Personalising Learning
22 AI Speak: How Youtube Learns You, part 1
Models and Recommendation
ACTIVITY
These are the credit card transactions of John Doe and Tom Harry, two men living in Nantes, France. They are looking for things to do this weekend. What will you recommend to them?
List to choose from:
- The new Burger King outlet
- An olive oil tasting event
- An online luggage store
- A river-side concert
- Baby swimming class
Recommendation systems have been around at least as long as tourist guides and top-ten lists. While The Guardian Best Books of 2022 recommends the same list to everyone, you would likely adapt it when choosing for yourself – pick a few and change the order of reading based on your personal preferences.
How to recommend options for strangers? In the activity above, you probably tried to imagine their personalities based on the given information: you made judgements and applied stereotypes. Then, once you had an idea of their type, you chose from the list things that could (or not) be relevant to them. Recommenders such as Amazon, Netflix and Youtube follow a similar process.
Nowadays, whenever someone is searching for information or looking to discover online content, they use some kind of personalised recommender system1,2. The main function of Youtube is to suggest to its users what to watch amongst all the videos available on the platform. For signed-in users, it uses their past activity to create a model, or a personality type. Once it has a model for John, it can see who else has models similar to his. It then recommends to John videos similar to what he has watched and those similar to what others like him have watched.
What is a model?
Models can be used to mimic anything from users to videos to lessons a child has to learn.
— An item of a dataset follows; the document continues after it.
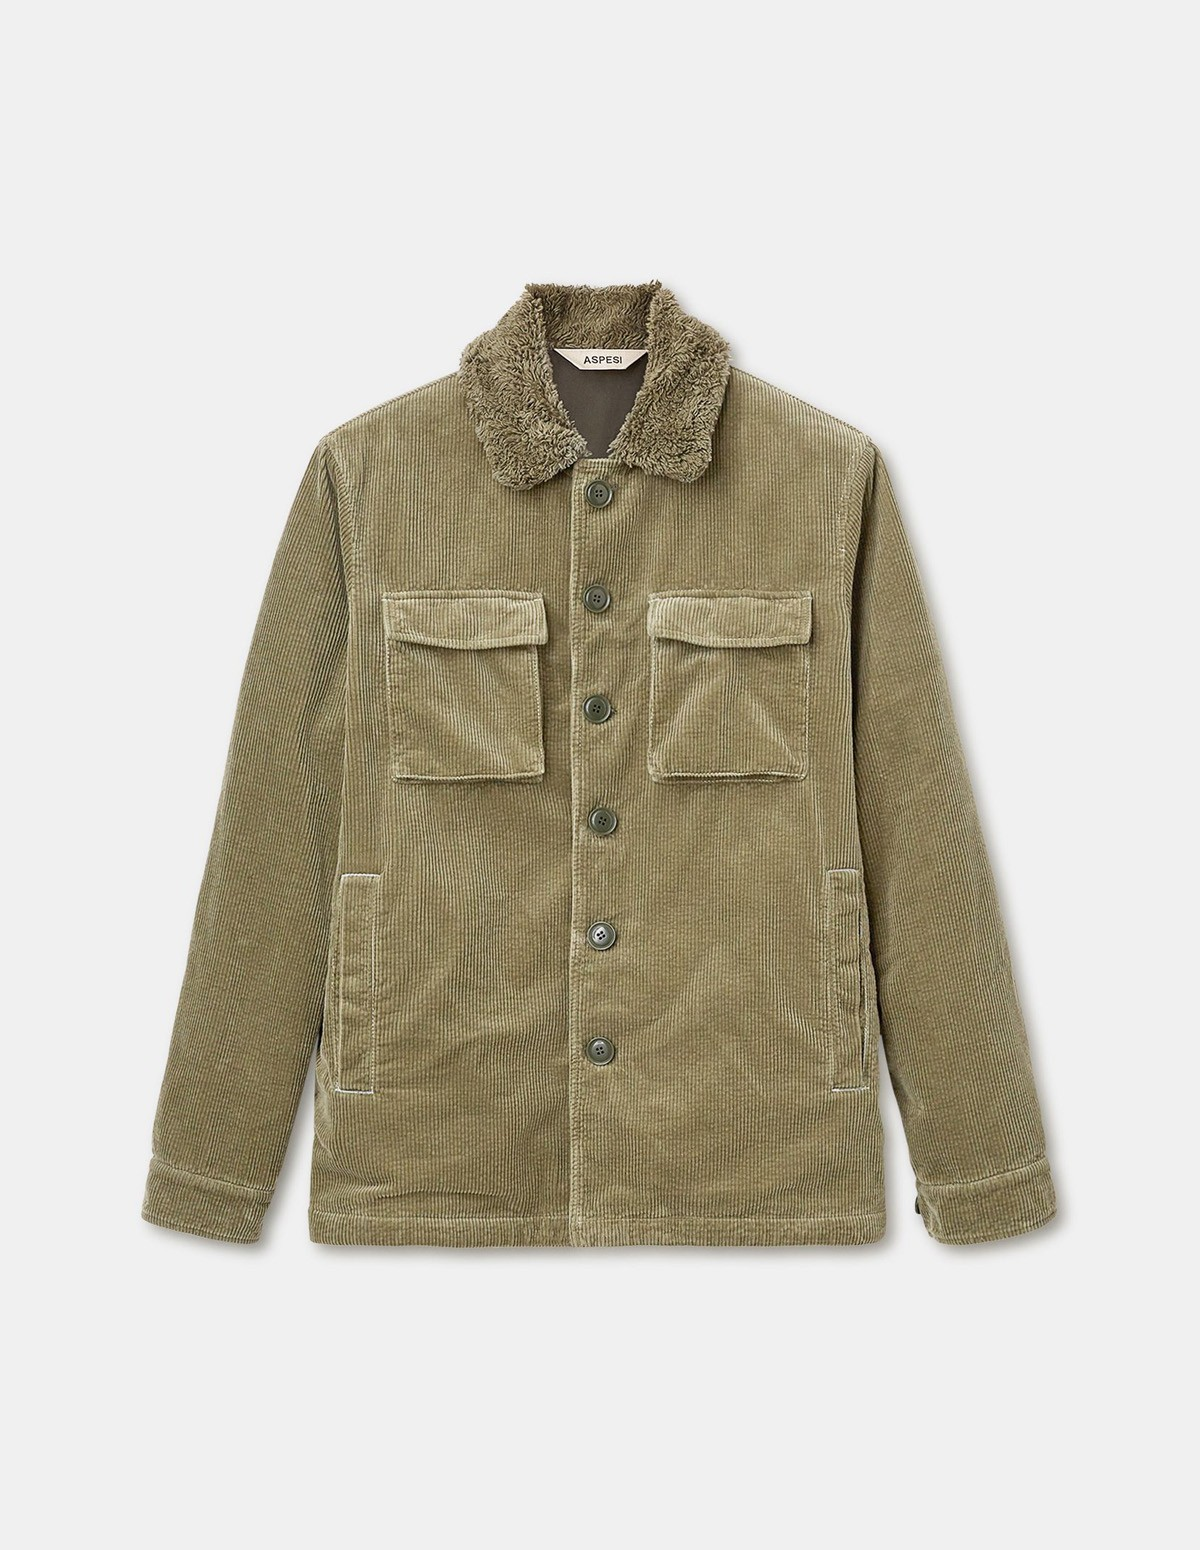 Aspesi Tigre Ii Jacket - GREEN

A model is a simplified representation of the world, so a machine can pretend to understand it:
How Youtube learns who you are
All recommendation problems involve asking a surrogate question: “What to recommend” is too general and vague for an algorithm. Netflix asked developers what will be the rating user A would give video B, considering their ratings for other videos. Youtube asks what the watch time would be for a given user in a particular context. The choice of what to ask – and predict – has a big impact on what recommendation is shown3. The idea is that the correct prediction will lead to a good recommendation. The prediction itself is based on other users with a history of similar tastes4. That is, users whose models are similar.
User models
Youtube splits the task of recommendation into two parts and uses different models for each3. We, however, will stick to a simpler explanation here.
For creating a user model, its developers have to ask, what data is relevant to video recommendation. What about what the user has watched before? What about their reviews, ratings, and explicit preferences thus far? What did they search for? Youtube uses signals that are more implicit than explicit, since the latter are more readily available3. Did a user just click a video or did they watch it? If yes, for how long? How did the user react to previous recommendations1? Which ones were ignored? Apart from direct answers to these questions, demographic information such as gender, language, region and type of device are of great value when the user is new or not signed in3.
Once a model is available for each user, we can compare users and use that information for recommendations.
Video Models
We could also use videos that are both similar to and different from one another. Youtube looks at the information it has on a particular video – its title and description, video quality, how many people have watched it (view count), liked it, favoured it, commented on it or shared it, the time since it was uploaded and the number of users subscribed to the parent channel1.
What a user watches next will also depend on whether one video is an episode within a series or an item in a playlist. If a user is discovering a new artist, he or she might move from the most popular songs to smaller niches. Also, a user might not click on a video whose thumbnail image is poor quality1,3. All of this information goes into the model too.
One of the building blocks of the recommendation system is to go from one video to a list of related videos. In this context, we define related videos as those that a user is likely to watch next3. The goal is to squeeze the most value out of data to make better recommendations4.
1 Davidson, J., Liebald, B., Liu, J., Nandy, P., Vleet, T., The Youtube Video Recommendation System, Proceedings of the 4th ACM Conference on Recommender Systems, Barcelona, 2010.
2 Spinelli, L., and Crovella, M., How YouTube Leads Privacy-Seeking Users Away from Reliable Information, In Adjunct Publication of the 28th ACM Conference on User Modeling, Adaptation and Personalization (UMAP ’20 Adjunct), Association for Computing Machinery, New York, 244–251, 2020.
3 Covington, P., Adams, J., Sargin, E., Deep neural networks for Youtube Recommendations, Proceedings of the 10th ACM Conference on Recommender Systems, ACM, New York, 2016.
4 Konstan, J., Terveen, L., Human-centered recommender systems: Origins, advances, challenges, and opportunities, AI Magazine, 42(3), 31-42, 2021.